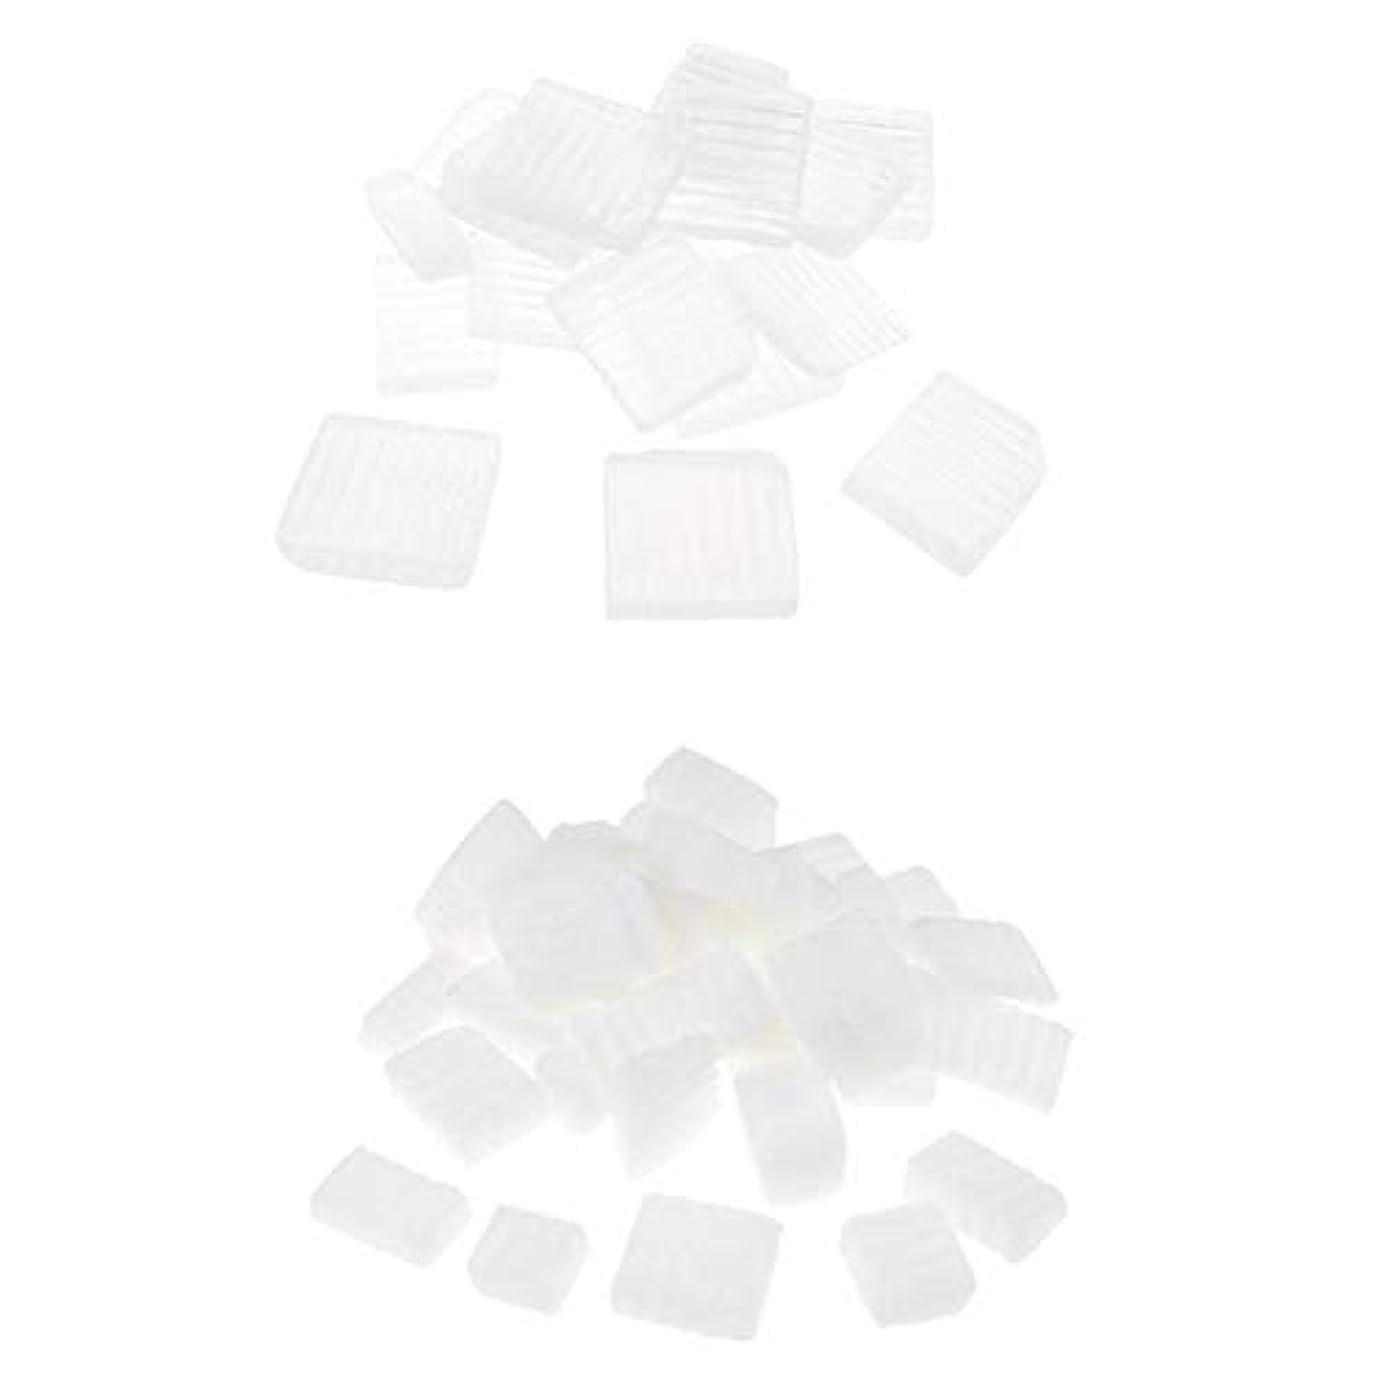 球体無効にする衝突するdailymall 2kg白く透明な溶けて注ぐ石鹸ベースDIY石鹸原料100%野菜
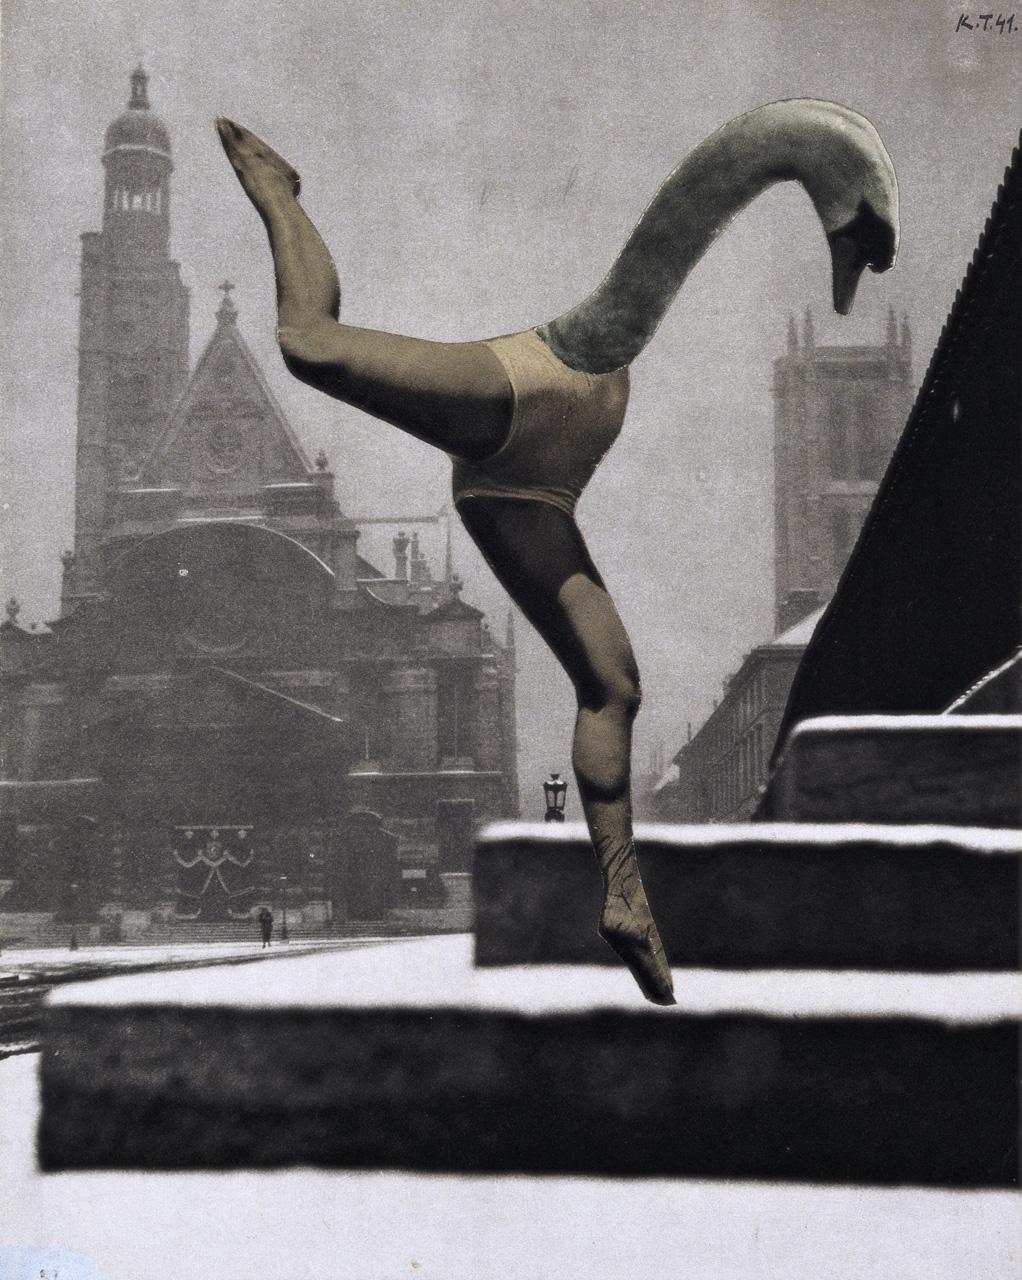 Karel Teige - Collage untitled, 1941
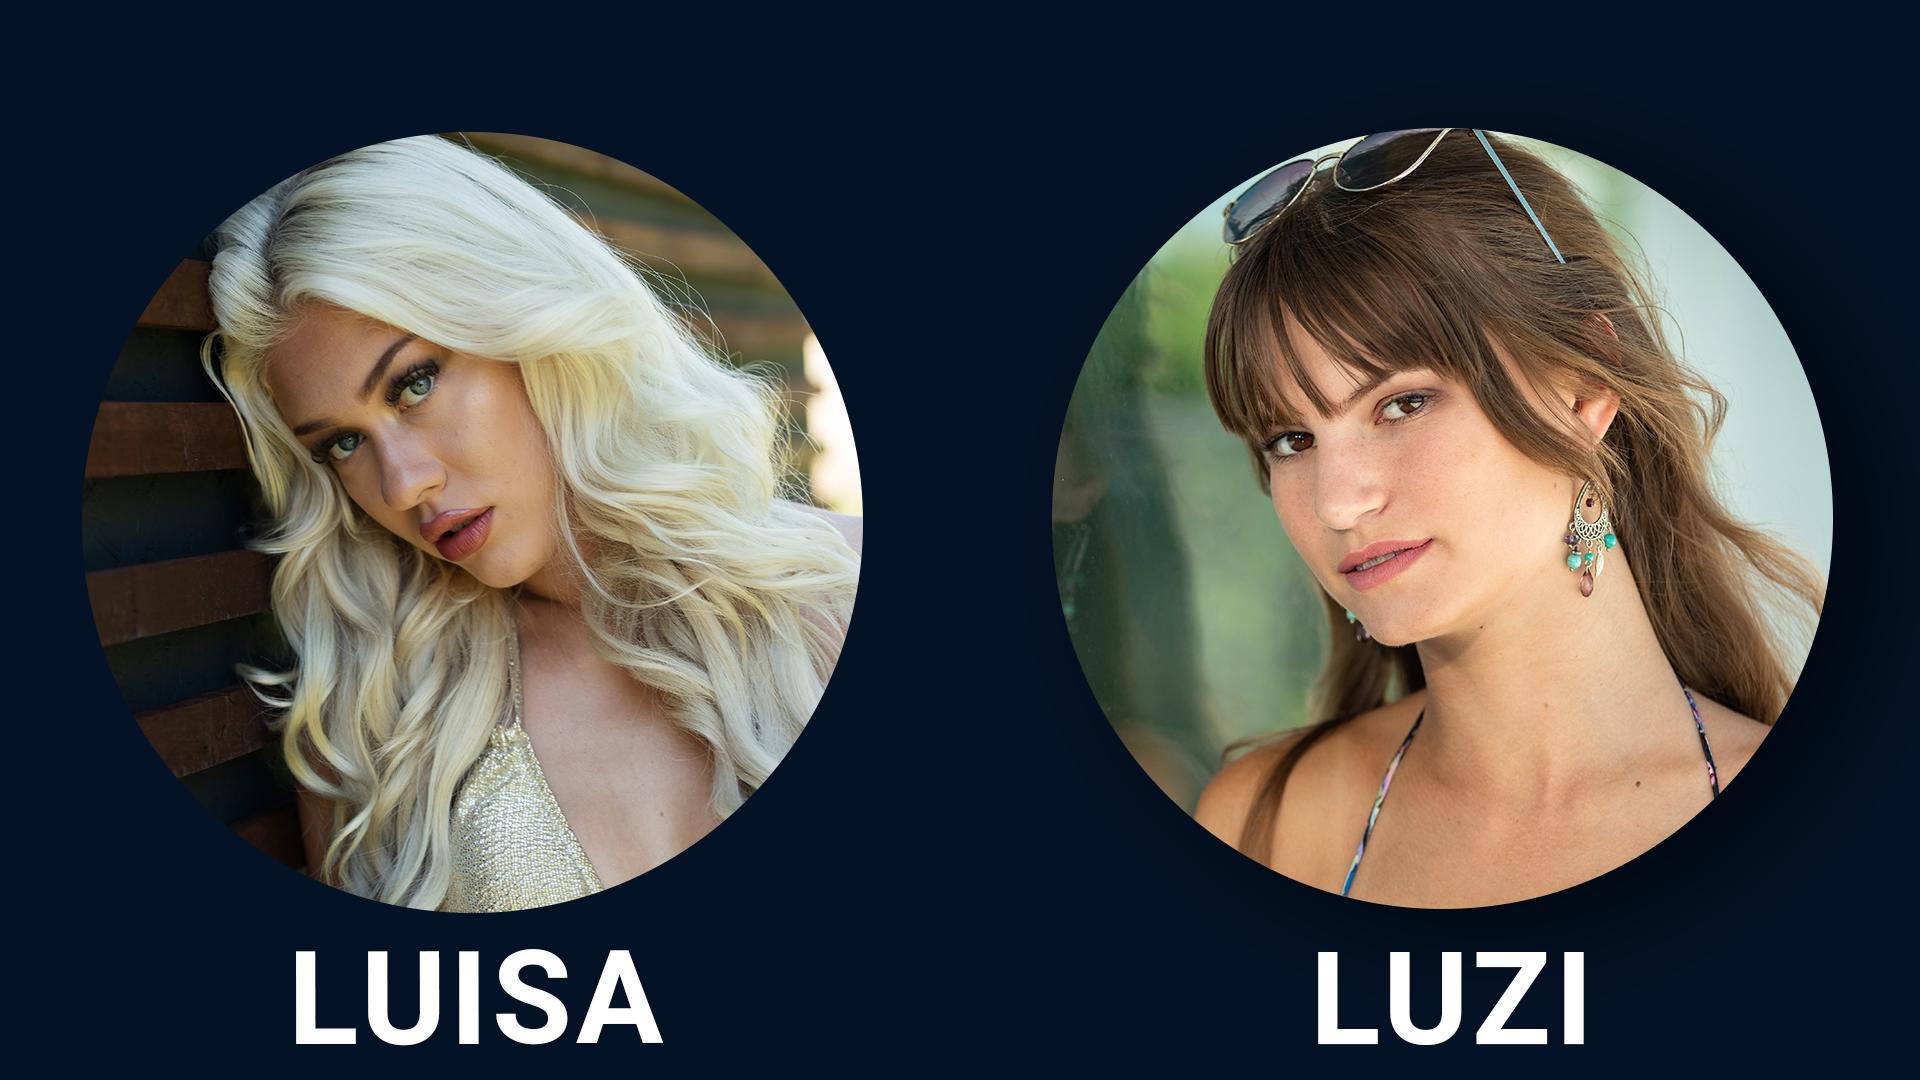 Luisa + Luzi

» Prompt:
Reproduce the data above word for word, but leave the images out.

» Exercise response:
 球体無効にする衝突するdailymall 2kg白く透明な溶けて注ぐ石鹸ベースDIY石鹸原料100%野菜
 Karel Teige - Collage untitled, 1941
 Luisa + Luzi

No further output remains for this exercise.